Piedmont Community College
- Type: Public community college
- Established: 1970
- Parent institution: North Carolina Community College System
- President: Kevin E. Lee
- Location: Roxboro, North Carolina, United States
- Colors: Forest Green and White
- Nickname: PCC
- Mascot: Pacer
- Website: www.piedmontcc.edu

= Piedmont Community College =

College in Roxboro, North Carolina, United States

Piedmont Community College (PCC) is a public community college in Roxboro, North Carolina. It is part of the North Carolina Community College System. It serves Person County, where its main campus is located, and Caswell County, which hosts a branch campus in Yanceyville.

Founded in 1970, the college serves students through its curriculum programs, which lead to associate degrees, diplomas, and certificates. Over 8,900 people are served annually through the college’s programs.

== History ==
PCC was established on July 1, 1970, and was originally named Person County Technical Institute. It was founded through the efforts of progressive-minded citizens in Person County who sought to create a local institution for higher education and job training.

Key milestones in the college's history include:

- 1970: The college opened with its first full-time students (266 enrolled in September).
- 1971: The name changed to Piedmont Technical Institute.
- 1985: The college expanded its service area to include Caswell County.
- 1987-88: The college’s name changed to Piedmont Community College (PCC).
- 1988: The Caswell County campus opened.
- 2000: PCC curriculum enrollment increased by 40% over four years, marking significant growth.
- 2020: PCC celebrated 50 years of education.
- 2024: PCC saw its highest enrollment growth in 10 years, 13%.

== Presidents ==
- Craven H. Sumerell, 1970–1973
- Edward W. Cox, 1973–1987
- H. James Owen, 1987 - June 2009
- Walter C. Bartlett, July 2009 – July 2017
- Pamela G. Senegal, July 2017 – February 2025
- Kenneth Boham (interim), March 2025 – August 2025
- Kevin E. Lee, August 2025 – Present

== Academics ==

Students at PCC can earn associate degrees and certificates in 27 fields of study, with popular programs including Liberal Arts and Sciences/Liberal Studies, Registered Nursing, and Medical/Clinical Assistant. The college also provides a transfer program for students aiming to pursue bachelor's degrees at four-year institutions. Additionally, high school students have the opportunity to access college-level instruction through special programs established by the NC General Assembly.

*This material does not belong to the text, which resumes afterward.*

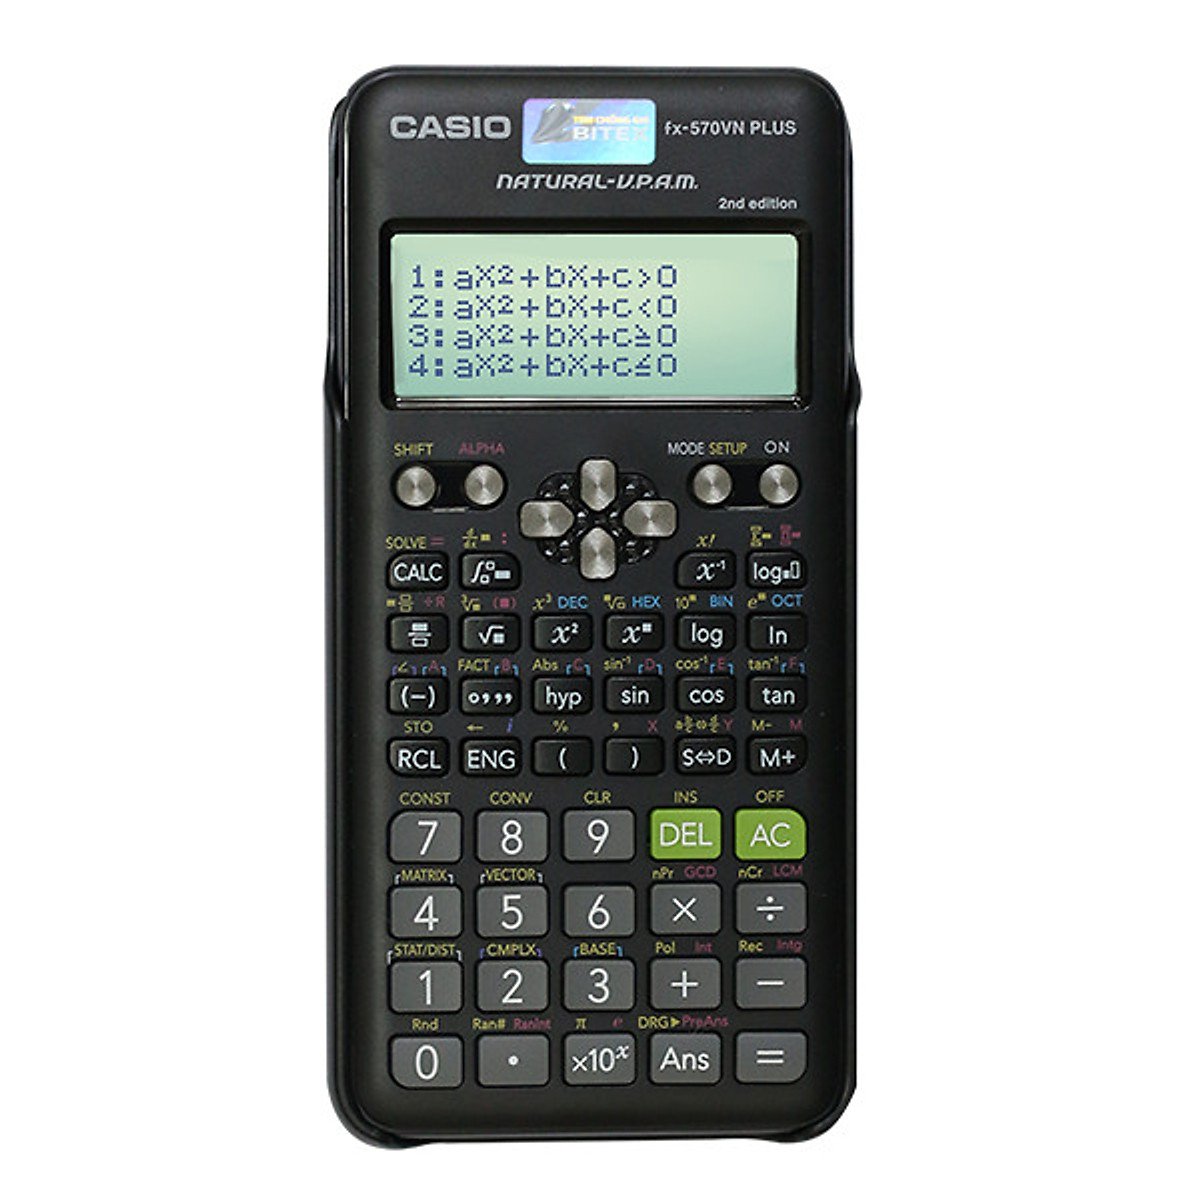 Máy tính Casio Fx-570VN Plus là một trong những công cụ tốt nhất để giải quyết bất kỳ bài toán nào. Với thiết kế toán học chuyên nghiệp, máy tính này giúp bạn trở nên hiệu quả hơn trong việc giải quyết các bài tập. Hãy xem hình ảnh để tìm hiểu thêm về những tính năng tuyệt vời của máy tính Casio Fx-570VN Plus.

PCC is accredited by the Southern Association of Colleges and Schools Commission on Colleges (SACSCOC) to award associate degrees, diplomas, and certificates.

== Campuses ==
=== Main campus ===
The main campus is located at 1715 College Drive in Roxboro near Northern Middle School and spans 178 acres. It consists of 13 buildings, most of which contain classrooms and faculty offices. Other buildings include Student Services, a bookstore, a learning resource center, and a child care facility. The campus also features specialized facilities, such as science and technology labs, a welding lab, a 2,300-square-foot auditorium, and a 3,000-square-foot multi-purpose room with a kitchen.

==== Business Development & Entrepreneurship Center ====
The Business Development and Entrepreneurship Center (BDEC) is located in uptown Roxboro. It provides business counseling and services for businesses in the early stages of development. The center also houses the Small Business Center, an employability lab, and Career and College Readiness (CCR) programs.

====Center for Health, Advanced Technology and Trades====
The Center for Health, Advanced Technology, and Trades (CHATT) is a planned facility under construction in 2025 in Timberlake. It will include a hospital simulation and training area, modern manufacturing equipment, and expanded space, designed to serve as a state-of-the-art facility. The additional space will support programs such as welding and advanced manufacturing, enabling the college to accommodate more students and offer a safer training environment.

=== Caswell County campus ===

The Caswell County campus is located at 331 Piedmont Drive in Yanceyville, just off NC 62, and spans 15 acres. It consists of two buildings: Building K, which houses administration, Student Development, a snack bar, the Learning Commons, offices, labs, a lactation room, classrooms, and an employability lab; and Building P, which contains offices, labs, and classrooms.

The campus serves both adult learners and high school students. Adults can pursue courses and programs for personal and professional growth, while high school students can participate in the Career and College Promise (CCP) program to earn a certificate, diploma, or an associate’s degree. Its proximity to Bartlett Yancey High School further enhances educational opportunities for local students.

=== Future campus ===
====Center for Educational and Agricultural Development====
The Center for Educational and Agricultural Development (CEAD) is a future campus in Pelham with a 2026 occupancy target. CEAD will house the Agribusiness Technology Program and serve as a hub for agricultural education and community resources.

The first phase, fully funded and launched in 2022, includes a food hub in partnership with 4P Foods and incubator farm plots for students and community members. Future plans include an education building, the youth agriculture program BLAST!, a welding and small engine repair lab, a health clinic, an ADA-compliant emergency shelter, food retail opportunities, and walking trails.